Supporting Additional Date Formats

Universal Feed Parser supports many different date formats, but there are probably many more in the wild that are still unsupported. If you find other date formats, you can support them by registering them with registerDateHandler. It takes a single argument, a callback function.

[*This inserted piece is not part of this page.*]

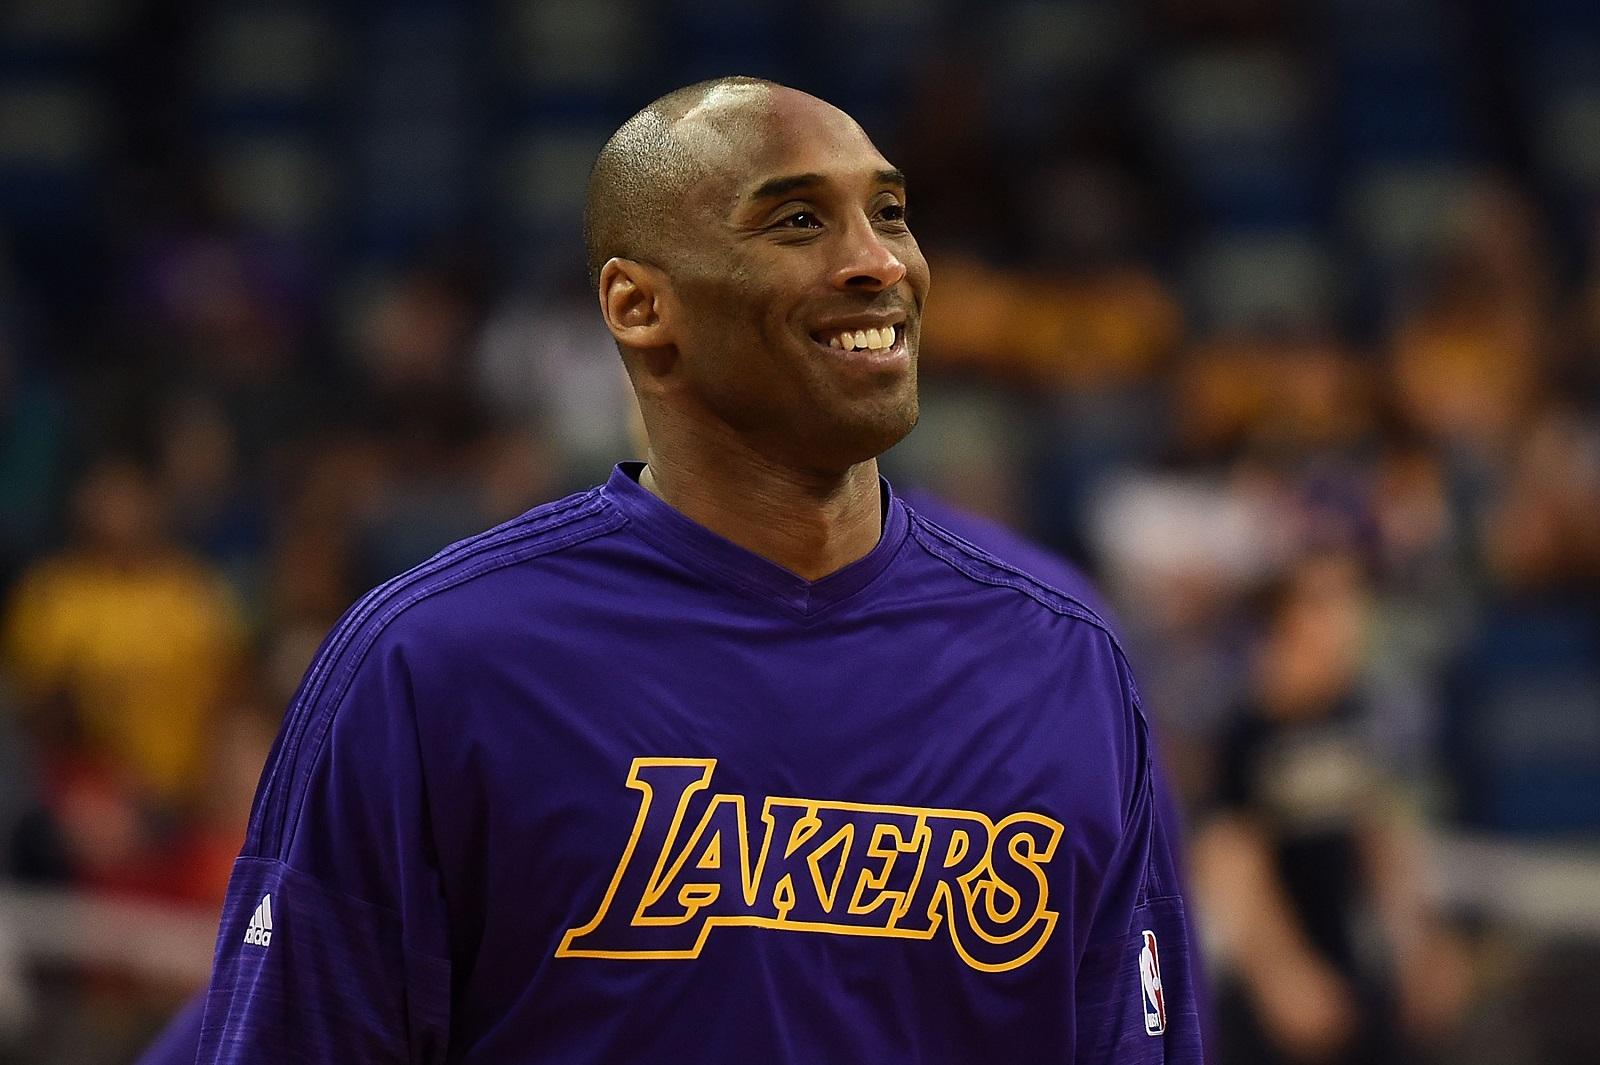 Former Lakers great Kobe Bryant

The callback function should take a single argument, a string, and return a single value, a 9-tuple Python date in UTC.

Registering a third-party date handler

import feedparser
import re

_my_date_pattern = re.compile(
    r'(\d{,2})/(\d{,2})/(\d{4}) (\d{,2}):(\d{2}):(\d{2})')

def myDateHandler(aDateString):
    """parse a UTC date in MM/DD/YYYY HH:MM:SS format"""
    month, day, year, hour, minute, second = \
        _my_date_pattern.search(aDateString).groups()
    return (int(year), int(month), int(day), \
        int(hour), int(minute), int(second), 0, 0, 0)

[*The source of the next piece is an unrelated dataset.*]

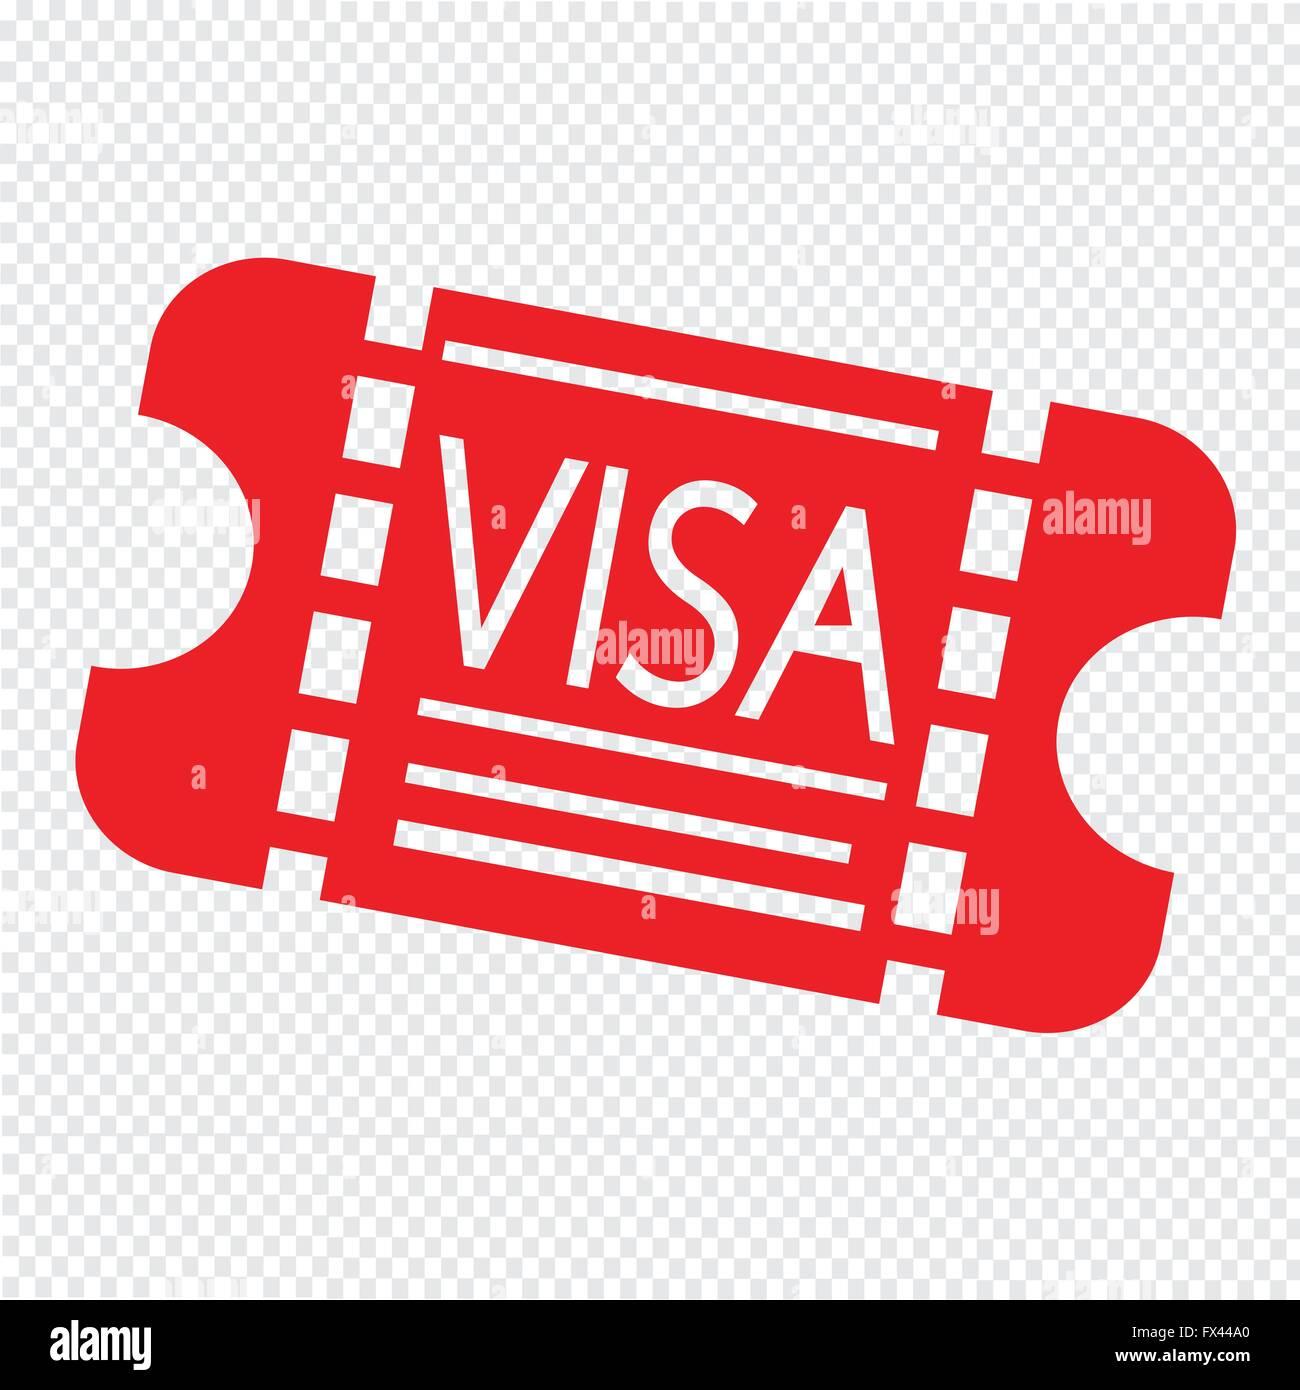 Entrance visa icon illustration design stock vector art entrance visa icon illustration design biocorpaavc Choice Image

feedparser.registerDateHandler(myDateHandler)
d = feedparser.parse(...)

Your newly-registered date handler will be tried before all the other date handlers built into Universal Feed Parser. (More specifically, all date handlers are tried in “last in, first out” order; i.e. the last handler to be registered is the first one tried, and so on in reverse order of registration.)

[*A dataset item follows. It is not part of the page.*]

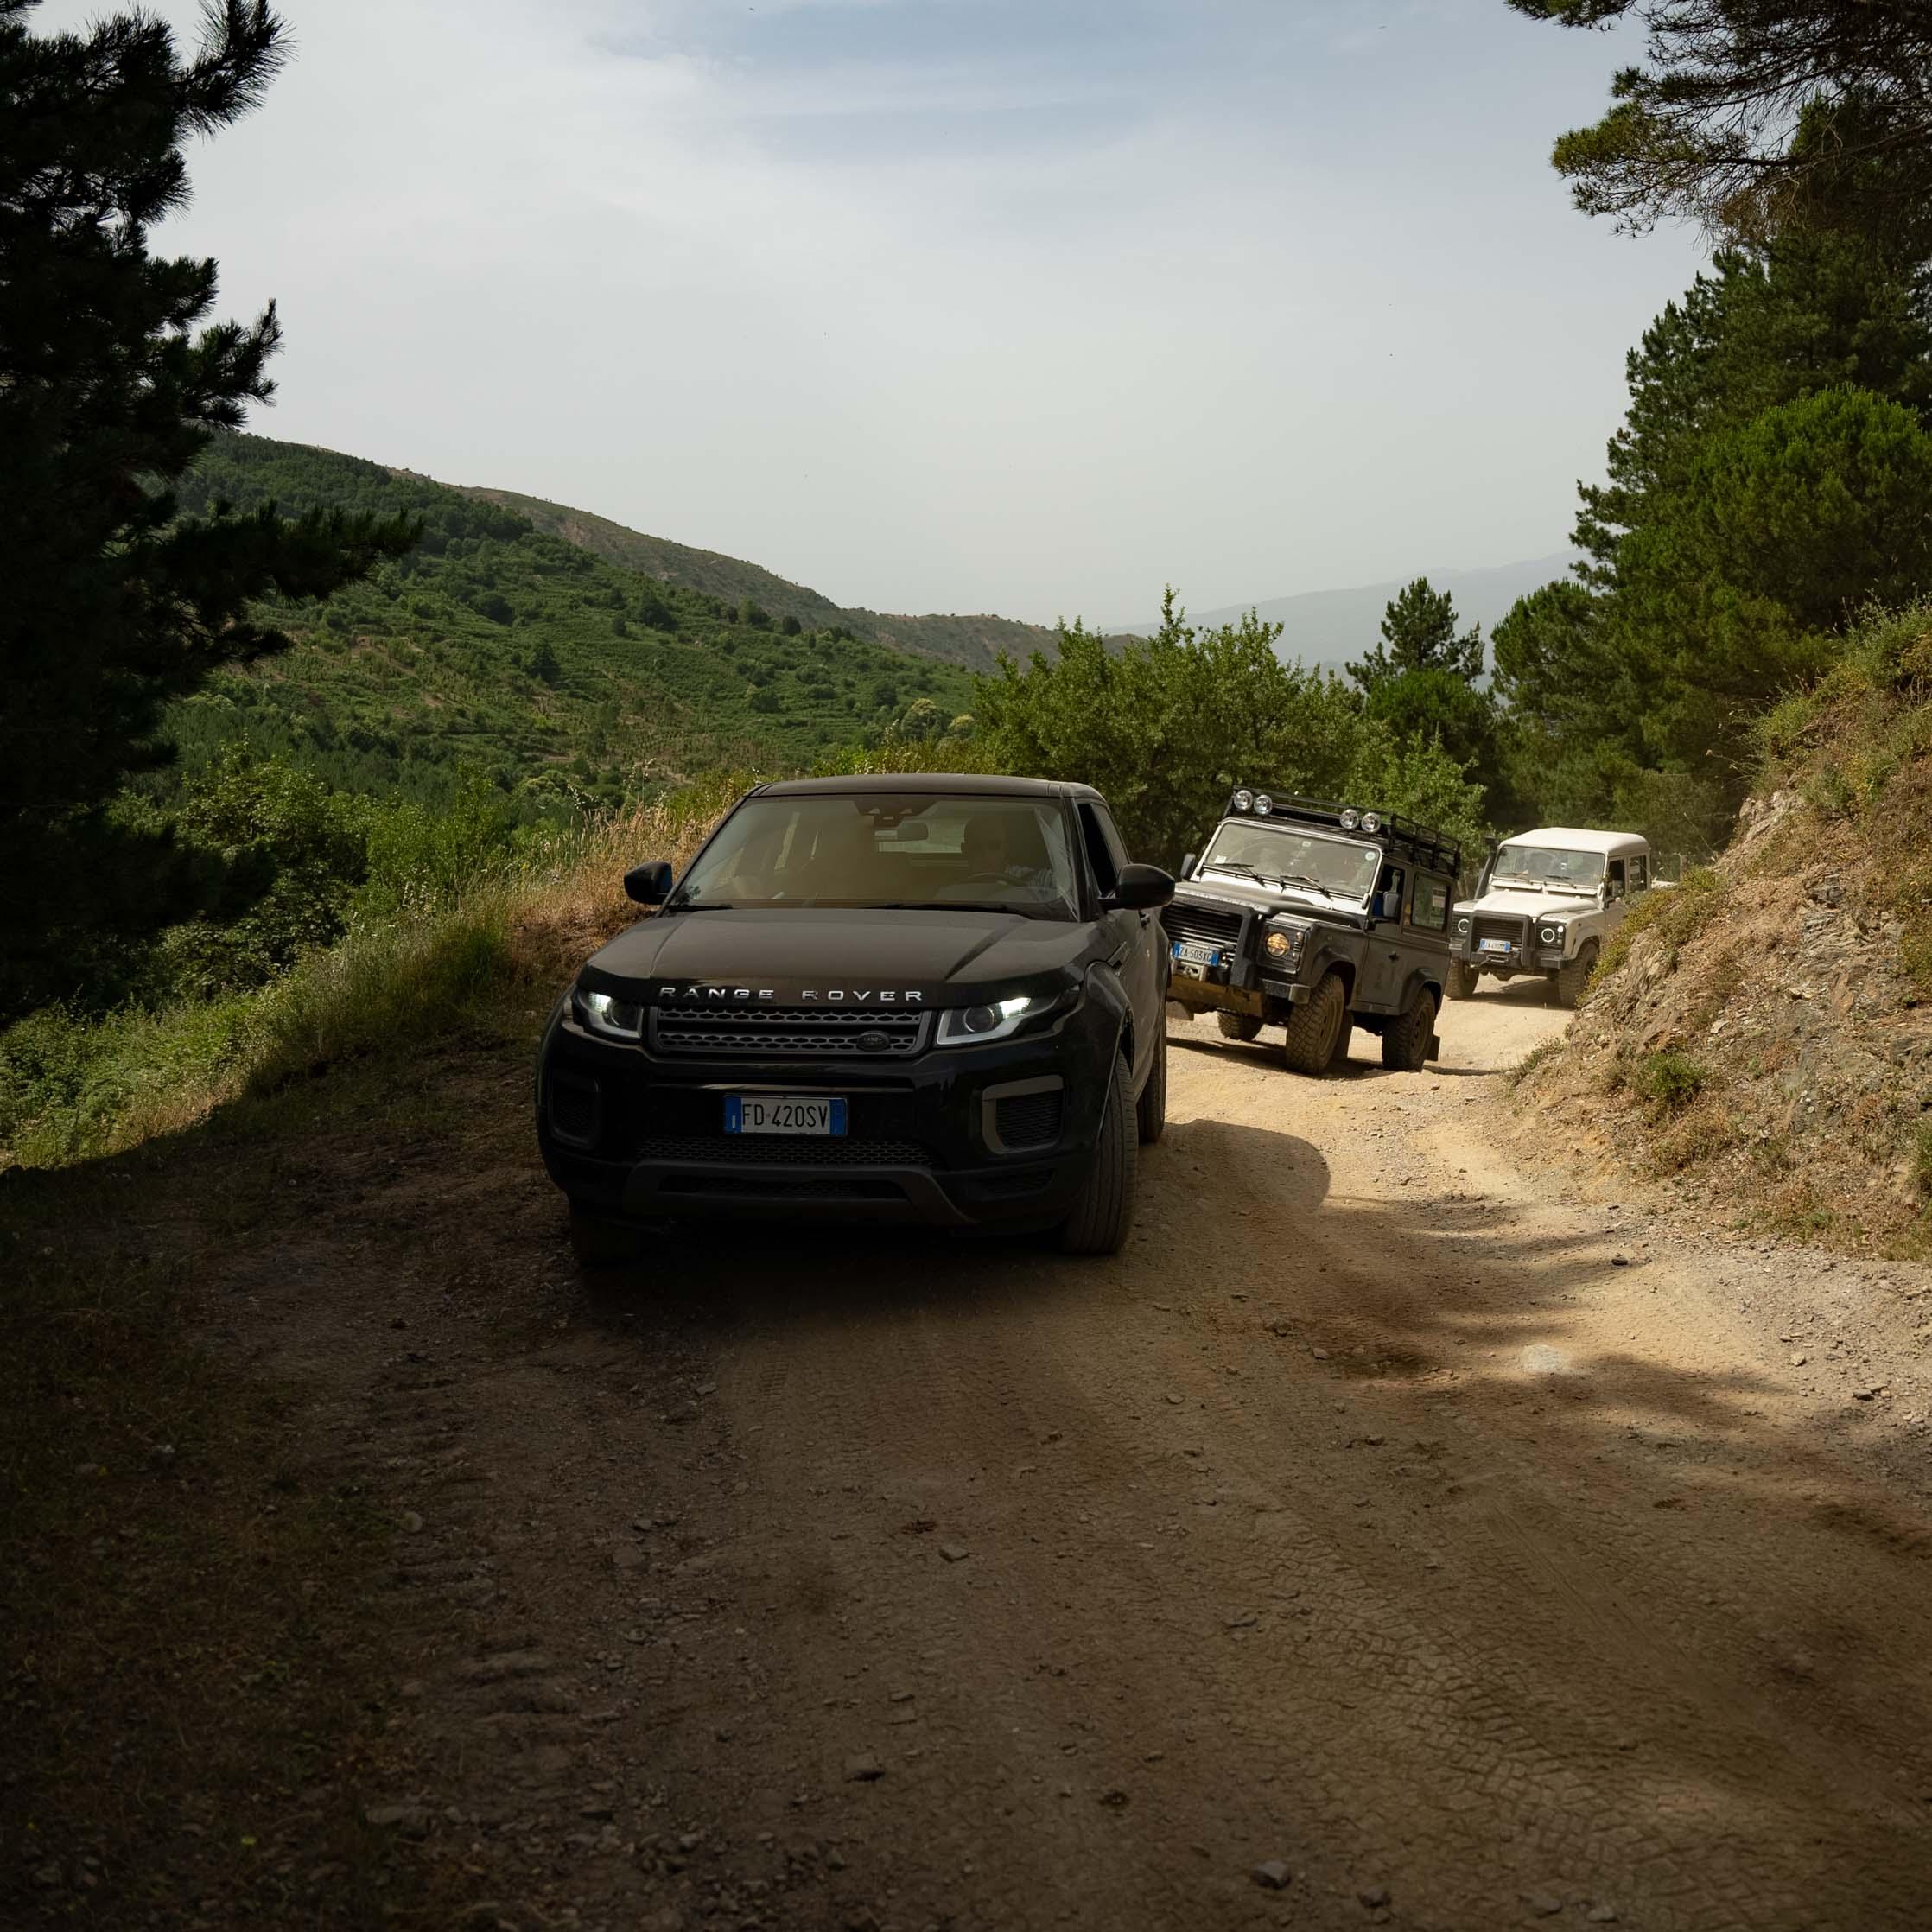 Land_Rover_Tour_Sicilia_2021_Land_Rover_Experience_Italia_-19

If your date handler returns None, or anything other than a Python 9-tuple date, or raises an exception of any kind, the error will be silently ignored and the other registered date handlers will be tried in order. If no date handlers succeed, then the date is not parsed, and the *_parsed value will not be present in the results dictionary. The original date string will still be available in the appropriate element in the results dictionary.

Tip

If you write a new date handler, you are encouraged (but not required) to submit a patch so it can be integrated into the next version of Universal Feed Parser.